The only difference I see in the routing through 10.31.0.2 is that in vrf there is no suppress-hw-offload=no. I would like to know if it makes any difference?
 
User avatar
robmaltsystems
Forum Veteran
Forum Veteran
Posts: 756
Joined: Fri Jun 21, 2019 12:04 pm

Re: Dual WAN failover - check internet

Mon Apr 28, 2025 11:48 am

Aside, but what's the current best practise around WAN failover to LTE? When I last did this, we were still on RouterOS v6. Is the method/support different in RouterOS 7? From memory, it was mainly PING tests plus scripting.
 
jaclaz
Forum Guru
Forum Guru
Posts: 2900
Joined: Tue Oct 03, 2023 4:21 pm

Re: Dual WAN failover - check internet

Mon Apr 28, 2025 1:01 pm

Aside, but what's the current best practise around WAN failover to LTE? When I last did this, we were still on RouterOS v6. Is the method/support different in RouterOS 7? From memory, it was mainly PING tests plus scripting.
I don't think there is unanimous consent on the matter, basically it is recursive vs. netwatch, each one has some slight different features, but if properly implemented they both work just fine in most setups.

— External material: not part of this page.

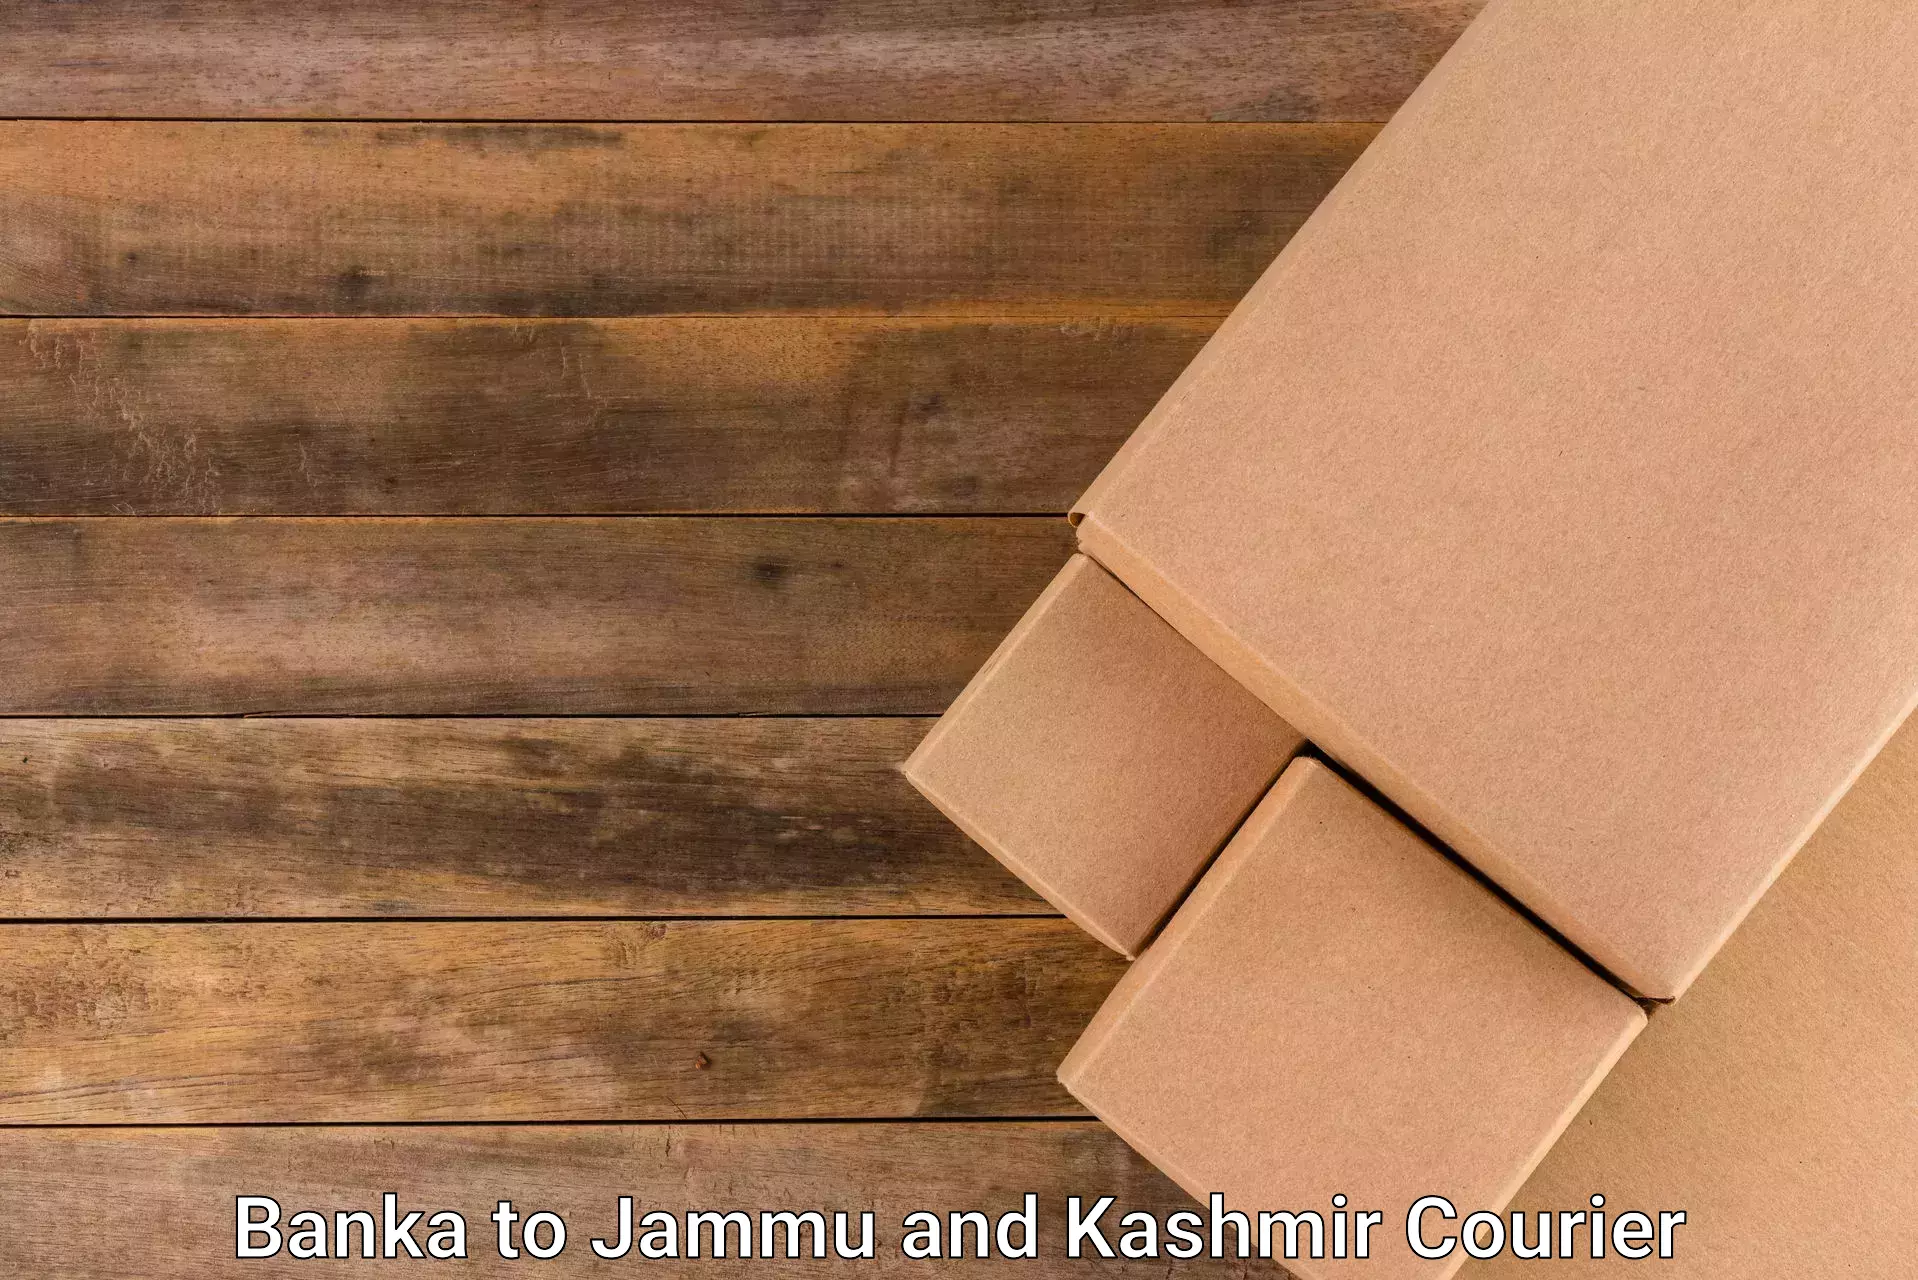 Urban courier service Banka to Jammu and Kashmir

Then some people believes that the one (or the other) can be bettered or fine tuned by complicating the one or the other with sophisticated scripts, and again as long as they work, they are just fine.

Only as a side-side note, there is also a (not yet tested/reported about AFAIK) newish approach hinted about in Mikrotik's help page for Netwatch ICMP testing, making use not of the reply of the canary address, but leveraging on a low TTL exhausting on an intermediate hop :
https://help.mikrotik.com/docs/spaces/R ... 8/Netwatch
accept-icmp-time-exceeded=yes can be used together with a manually set low ttl value to monitor Internet connectivity, without relying on a specific endpoint.

For example, you can monitor a public IP address, but that address can filter your ICMP request, or just become unreachable itself, if the Netwatch probe is using this address to monitor Internet connectivity this would cause a false alarm.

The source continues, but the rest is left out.